So what makes a good process?

So what is a good process? This was the first question that came across my mind when I set upon the task of actually drafting a process. Right from the days when I had started of as a software developer to the realm when I have been a project manager for some time, I have come to terms with one reality that development teams should not and they cannot slavishly follow a predefined process, instead, the key is to continually adjust the process as you go by reflecting on what you’re learning, what works, and what doesn’t. So how do we come across or define a good process? Based on my experience I feel that there are some pre-requisites for a good process, which are:

  1. A “Good” Process allows you to be fast — without having to reinvent the wheel! I am going to claim, what we all know but seldom admit, –that the fastest way to create software is not to develop anything yourself, but to reuse something that already works. This approach is not just very fast; it is also cheap. It delivers software that works. In practice, in many situations you may still need to develop something new, at the least the glue between the components that you can reuse. We don’t develop our own operating systems, database systems, programming languages, and programming environments any more. We usually start with a software platform and some middleware as a base — not much more. However, much more can be reused:
    1. You shouldn’t have to reinvent a process. Instead, you should use a well-proven process that is designed to be reused. This is what we call a process framework.
    2. You shouldn’t have to reinvent the same software over and over again. You should use a process that helps you harvest components and incorporate existing components — legacy systems or other reusable components — into your design. Of course, the process would come with appropriate tools to do so.
  1. 2.    A “Good” Process allows you to learn as you go — without slowing down the project: Developing software has never been as hard as it is today. As a developer, you need to have a knowledge base that is larger than ever before. You need to know about operating systems, database management systems, programming languages and environments, system software, middleware, patterns, object-oriented design, component-based development, and distributed systems. You also need to know a software process, a modeling language, and all kinds of tools.

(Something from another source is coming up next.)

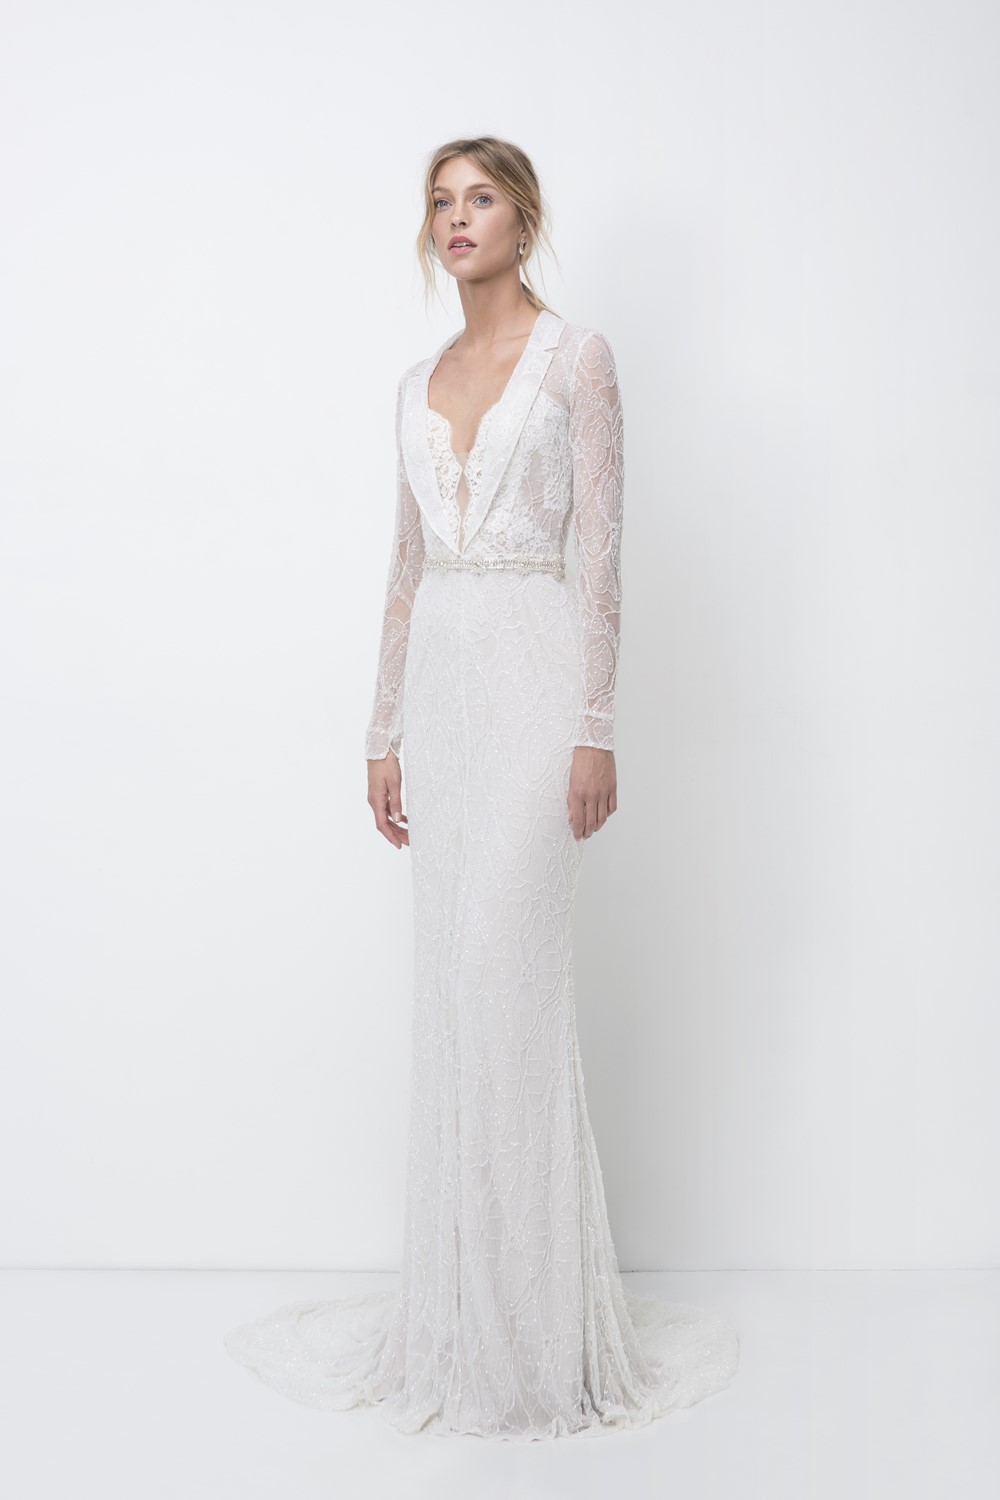 Leonora Wedding Dress from Lihi Hod's 2018 Bridal Collection

And if you succeed in learning something, you can be sure it will soon change. Change is the famous constant in the software domain! There is simply no way you will be able to learn all this before you start working on a project. You have to learn a little before, but most of it you will need to learn as we go.
  1. A “Good” Process should empower you to focus on creativity: In every project a large portion of the work done by developers is not genuinely creative — it is tedious, routine work that we should try to automate. The problem is that the creative and the routine work are interwoven in microsteps, with each such step only lasting from maybe tens of seconds to tens of minutes. Since these two kinds of activities are interleaved, the developers may still have the feeling of being creative, but fundamentally they are not. Some of you would probably argue that, in fact, you don’t do the unnecessary work. You focus on solving the business problem and ignore much of the other work that does not deliver business value. This is, of course, partly true. However, even in projects where the focus is on code, people have different approaches to good coding standards. What most people thought was good code some years ago is considered bad code today. Thus people spend time on arguing about these things. With a strong, good leader, these problems may be smaller. However, most teams won’t have such a leader. Aside from process issues, we also spend considerable time on many other small, technical issues. For instance, if you want to apply a pattern, there are many small steps you have to go through before you have instantiated the pattern. These small steps could, with proper tooling, be reduced to almost a single step.
  1. A “Good” Process uses tools to do more by doing less: Whatever you do, in order to be efficient you need good tools. Good tools are tools that are developed to work integrally with your process. The process and the tools go together. For instance, in examples taken from another world, if you want your carpenter to drive nails in a wall, he needs a hammer, not a screwdriver; if you want your baby to eat on his own, give him a spoon, not a knife. The same goes for software.  If the software community ever is going to be more efficient — that is, be able to rapidly develop high-quality software — then we need tools to help us do more by doing less. I agree with the idea that we want a process that is very light. In fact, I want a much lighter process than I have heard people speak about. It will be light because tools will do the job — you will be doing more by doing less.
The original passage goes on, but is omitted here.